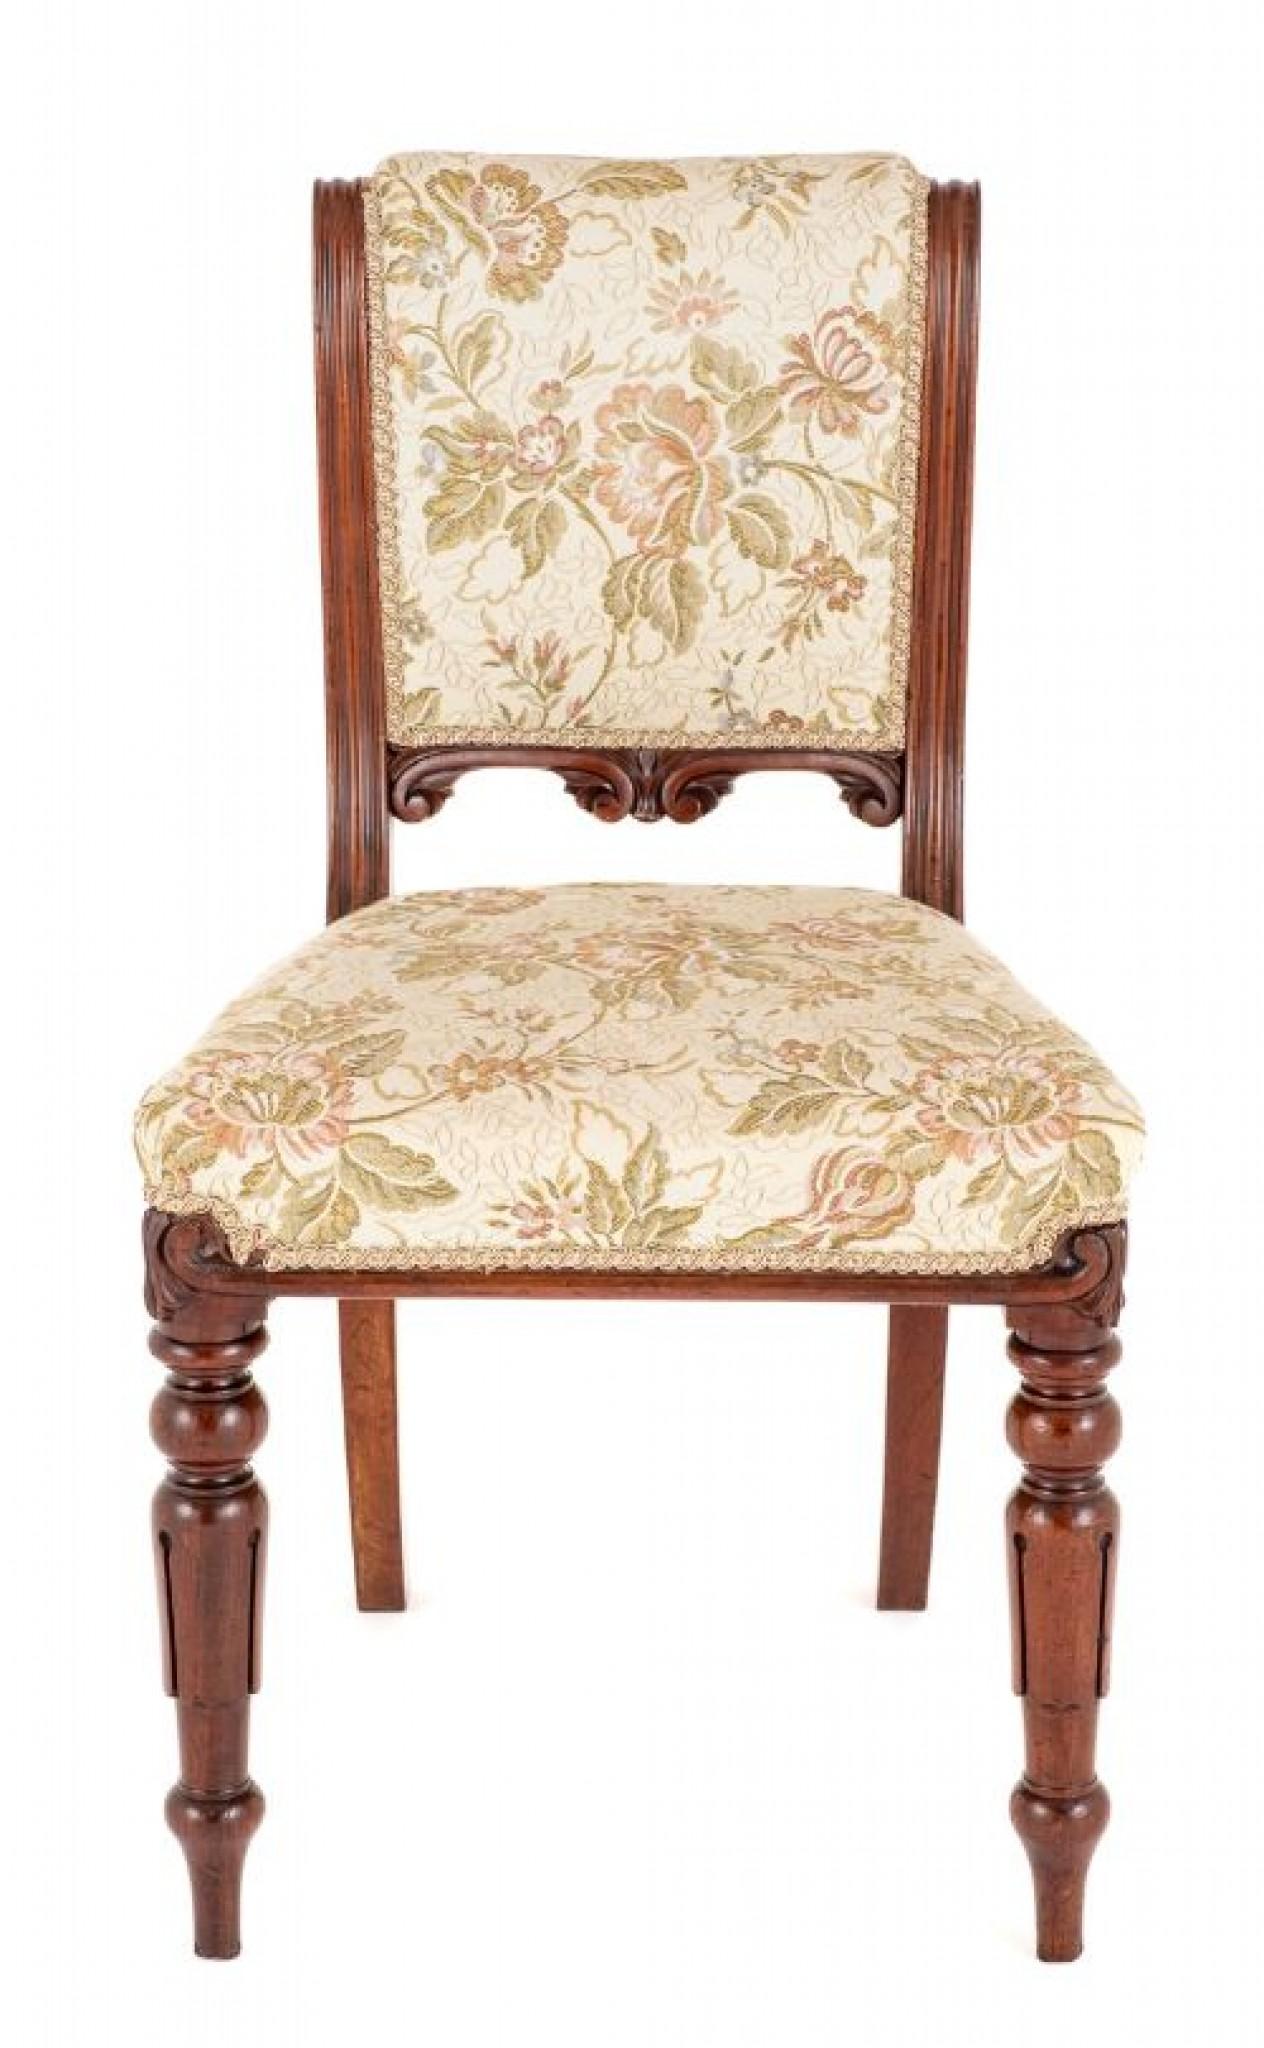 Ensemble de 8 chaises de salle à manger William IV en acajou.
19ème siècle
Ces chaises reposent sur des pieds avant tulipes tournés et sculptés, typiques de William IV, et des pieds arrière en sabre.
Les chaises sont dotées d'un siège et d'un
________________________
§ **The problem**
Write the listing again exactly, duplicating every line and skipping the pictures.

§ **Result of the task**
 Ensemble de 8 chaises de salle à manger William IV en acajou.
19ème siècle
Ces chaises reposent sur des pieds avant tulipes tournés et sculptés, typiques de William IV, et des pieds arrière en sabre.
Les chaises sont dotées d'un siège et d'un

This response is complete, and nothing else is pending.